The only player who could do any damage to Feds in the next round is Julien Benneteau, who can usually be a tricky opponent. He, however, must be able to win his first two matches at Roland Garros.

Still, the No. 2 seed should advance to the fourth round. So far no trouble—and the fourth round is similar.

Potential risky opponents are Sam Querrey (seeded 18th) and Gilles Simon (seeded 15th).

The American has never proven himself against the Swiss player, dropping all five of the sets in which they played. Additionally, Querrey has had a poor clay-court showing thus far, losing early on in tournaments such as Madrid, Rome and the Open de Nice.

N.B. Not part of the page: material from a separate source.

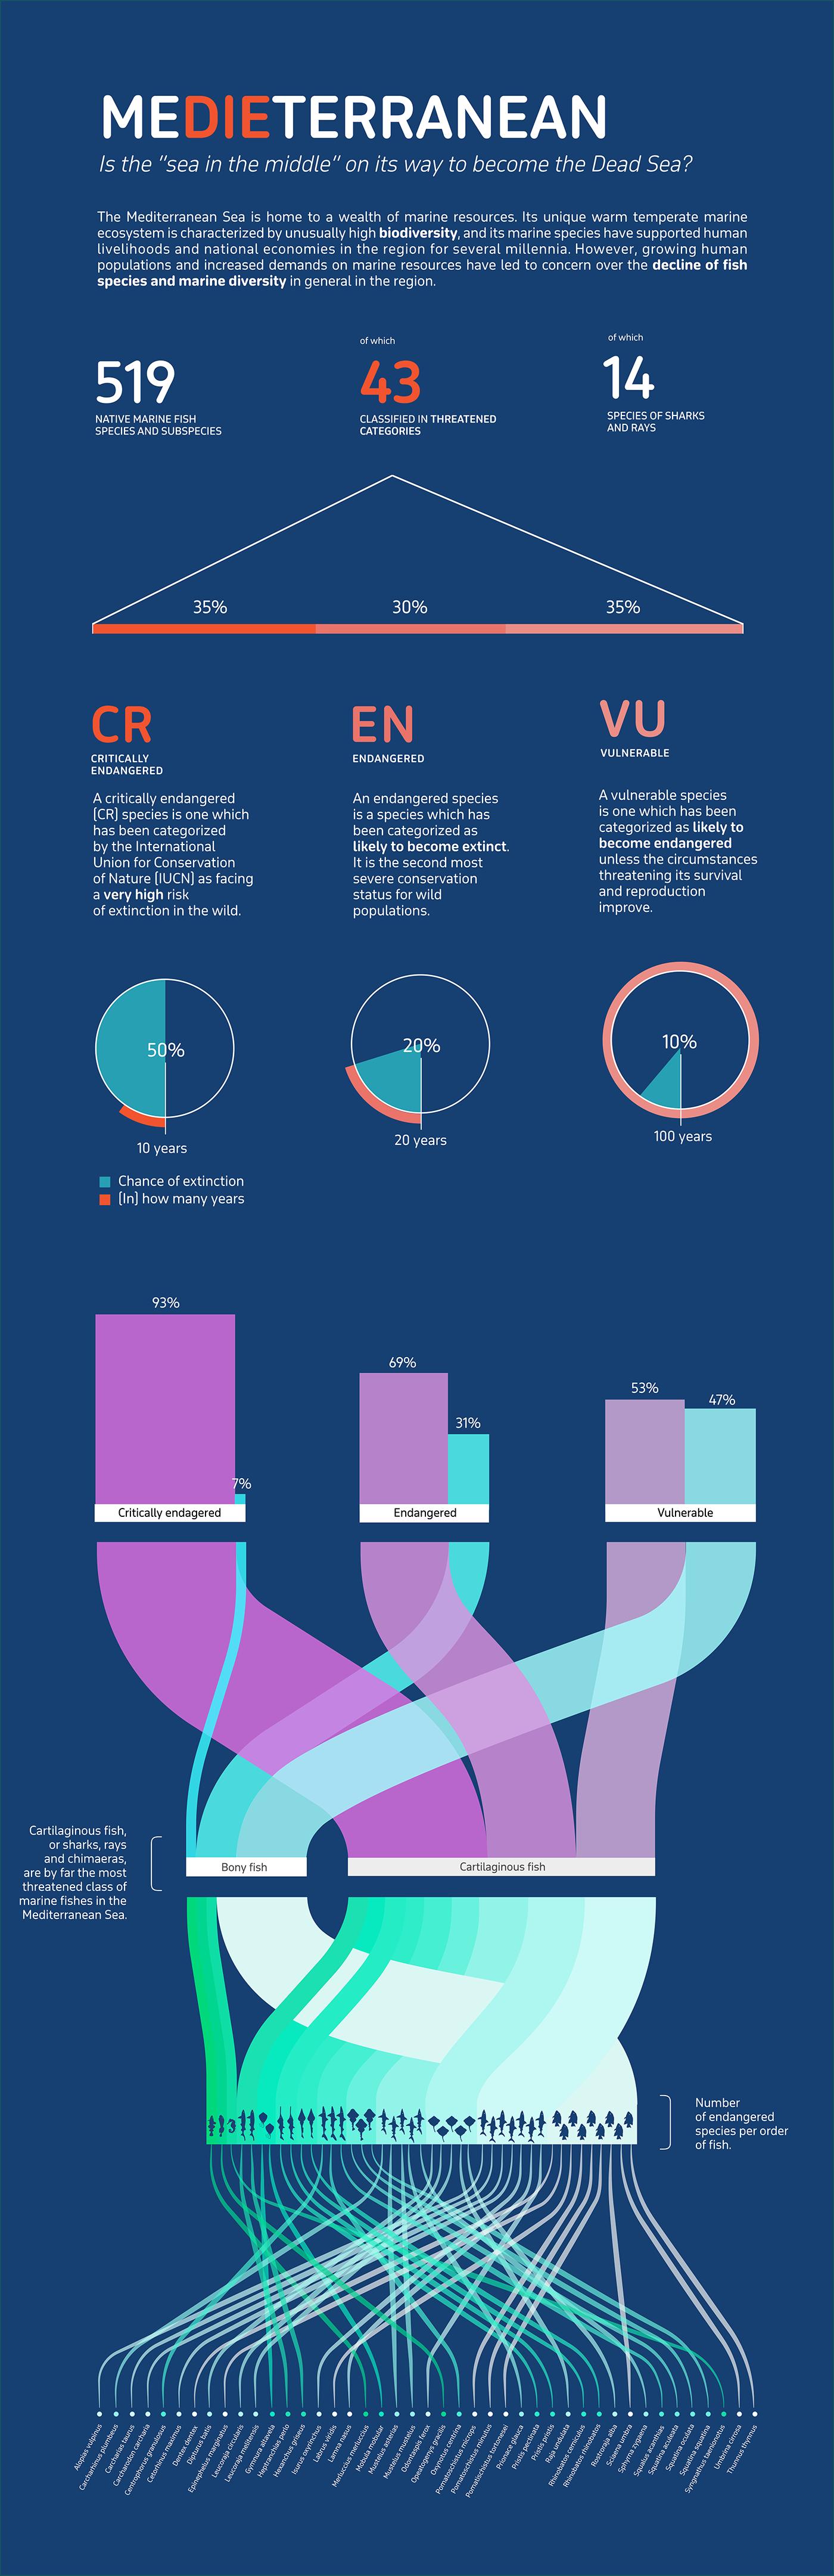 infographic information design mediterranean biodiversity

Simon, however, is another story and can certainly give Roger the no-pace ball that has proven to be successful in previous encounters. However, in a three-out-of-five-set format and on a clay court, Simon's chances are incredibly diminished. Roger also gave him a straight-set thrashing in Rome last week.

Though the quarterfinals stage should always be a difficult match, this will likely not be the case for the Swiss athlete. Notice how straight-forward this looks up until the semifinals for him.

Though Marin Cilic, Juan Monaco and Jeremy Chardy could prove to be contenders, the odds of them taking more than one set off of Federer are just too low.

Jo-Wilfried Tsonga is the one man who Roger has faced in many Major quarterfinals. Though he has beaten Federer a quarter of the times they played, he has won only one match against him in a Major.

Semifinal opponents could range from Tomas Berdych, Nicolas Almagro, Milos Raonic and Kevin Anderson to the most likely opponent—David Ferrer.

Again, Ferrer has not given Federer much trouble (actually none) in their lengthy careers.

It looks like Federer's chances of reaching the final are incredibly high (though it won't be a walk in the park), and the chances of him facing commonplace foe Rafael Nadal there are lesser than usual.

He will likely draw Novak Djokovic in the semifinals, who has the power to stop the oft-winning Spaniard. Rafa also has tough potential early opponents such as Daniel Brands, Lukas Rosol, Benoit Paire, Kei Nishikori, Stanislas Wawrinka, Richard Gasquet and Jerzy Janowicz.

Let's just see how it all plays out in the first week and then make a final assessment of how probable it will be—compared to previous years—that somebody besides Rafa takes home the winner's trophy.